The Totterdown Gospel Hall fronts onto Belleview Road but it was extended in 1887 with the addition of a long intercommunicating corridor leading to a back entrance on Cambridge Street, number 2 having been purchased for £230 for the purpose, giving Totterdown unique access from two sides of the block. This back entrance looks out onto No 1. William Street and for many years the alcohol serving Old King William Hotel and the strictly teetol Gospel community faced each other across narrow Cambridge Street.

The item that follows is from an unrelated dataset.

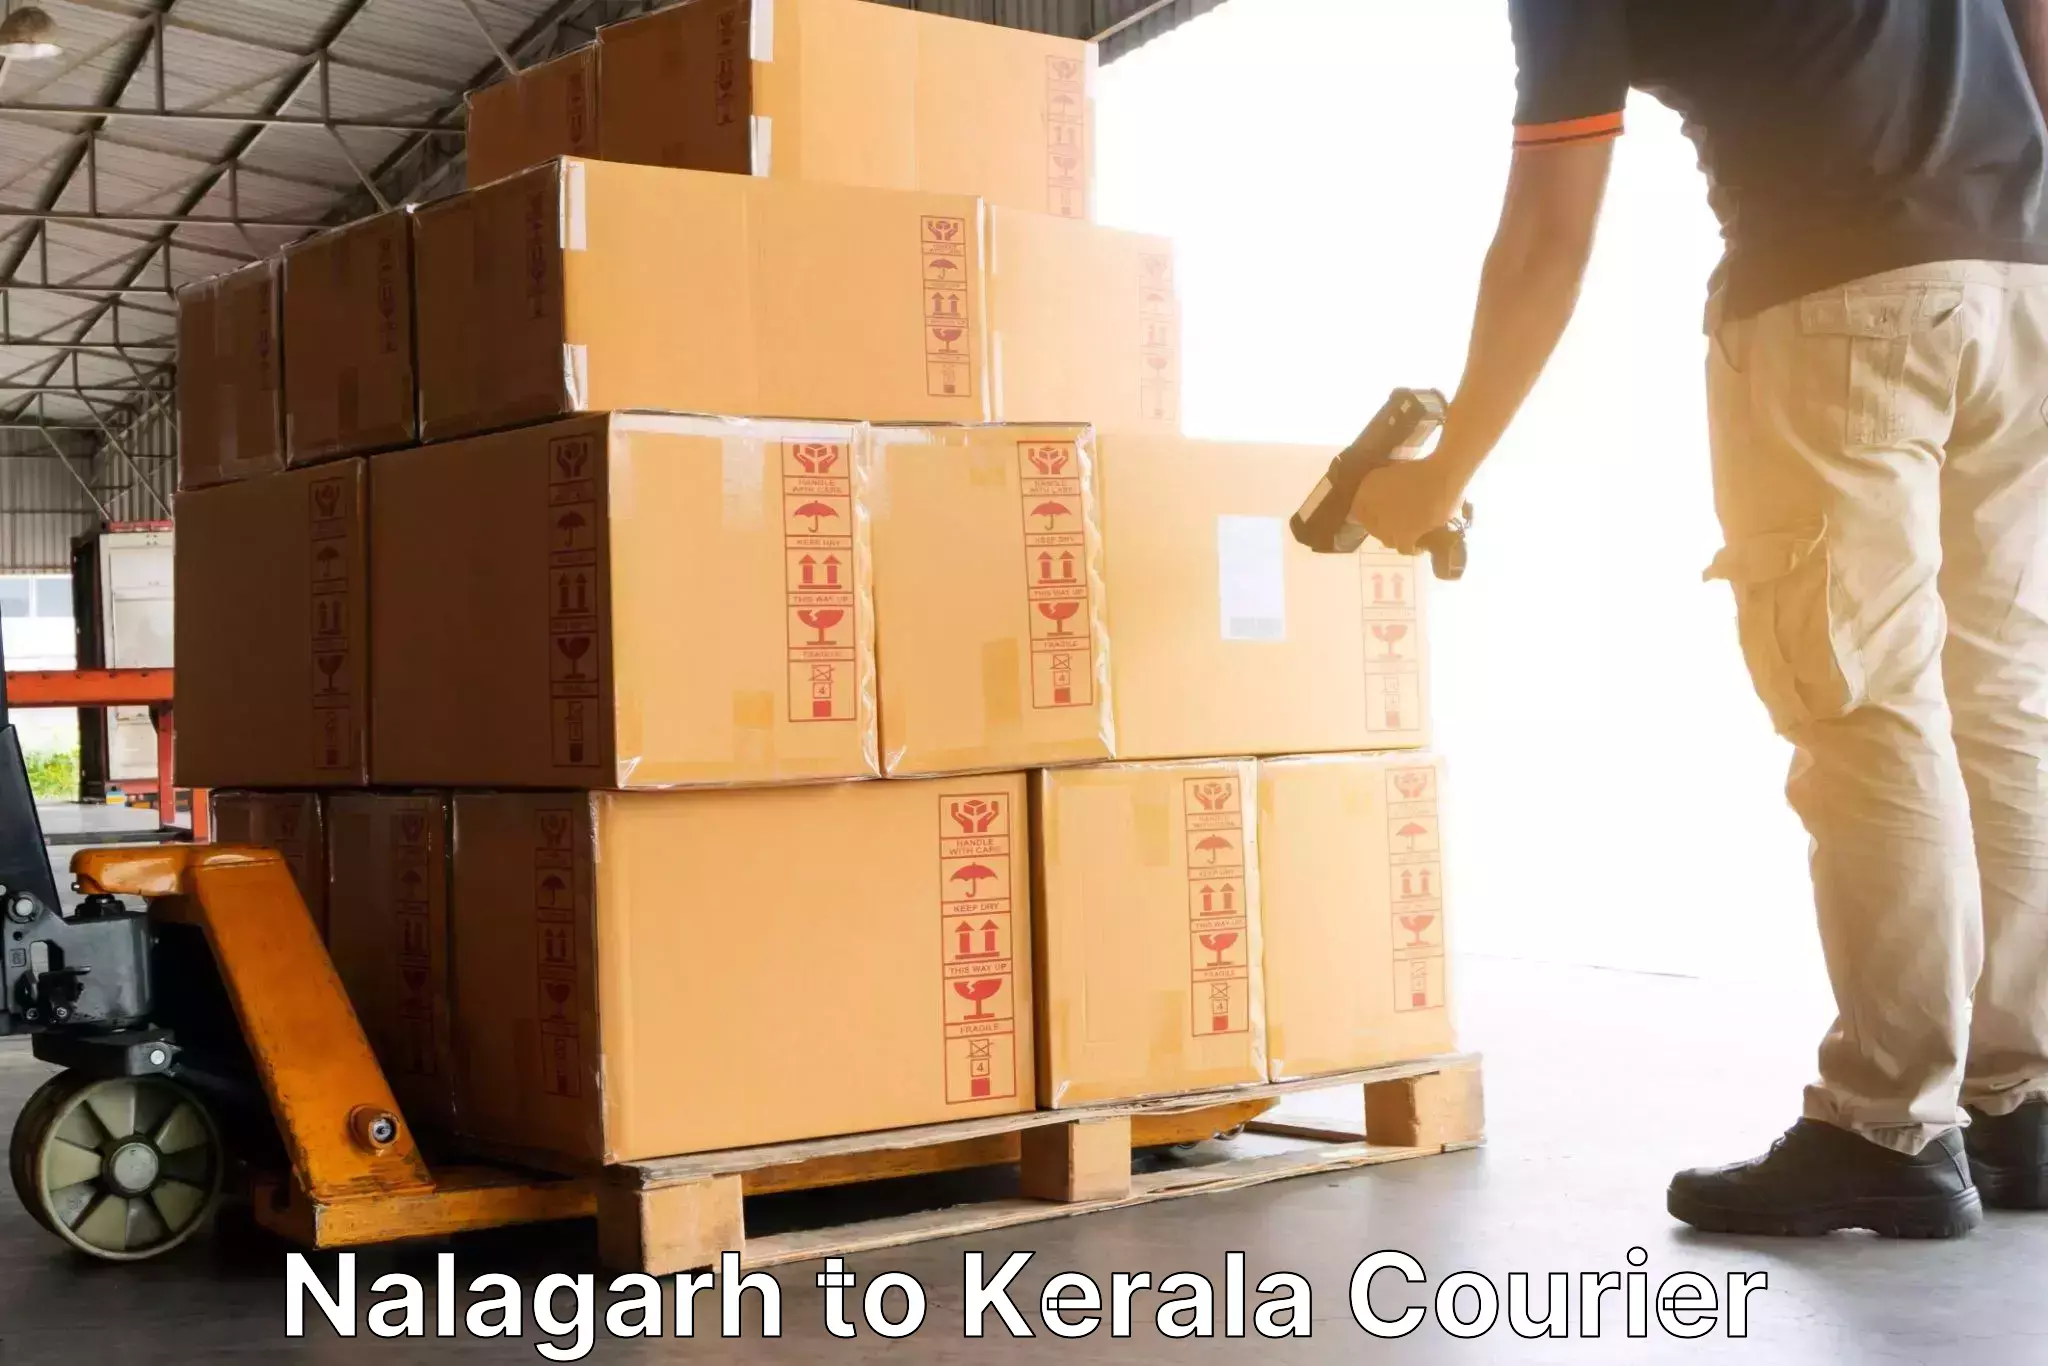 Tracking updates in Nalagarh to Palai

Many older Totterdown people remember attending services at the Gospel Hall because in its heyday in the 1930s/40s, 300 local children were members. In the 1980s it still had 45 adult members and a Sunday School. Social events were frequent– Totterdown was renowned for its children’s work. Beryl Stallabrass, nowadays Admin and Finance manager for the Muller Foundation, and her family lived in Totterdown in the 1950s. Beryl recalls Tuesday night children’s meetings entertained by Uncle Tom and his accordion, at which events children were converted; the Hall decorated with Easter eggs at Easter and flowers at other times of the year and the annual outing to Swanage when two coaches were required. Beryl was a member of the Young Sowers League involved in planting the seeds of belief in other youngsters.
In 1940 when Bristol received its worst blitzing there was an air raid when the children were at the evening meeting. They were led into the middle corridor which was the safest place, until there was a lull in the raid. Subsequently children’s meetings were cancelled till the end of the war and were taken up again and continued till1963. In June 1980 it celebrated its centenary.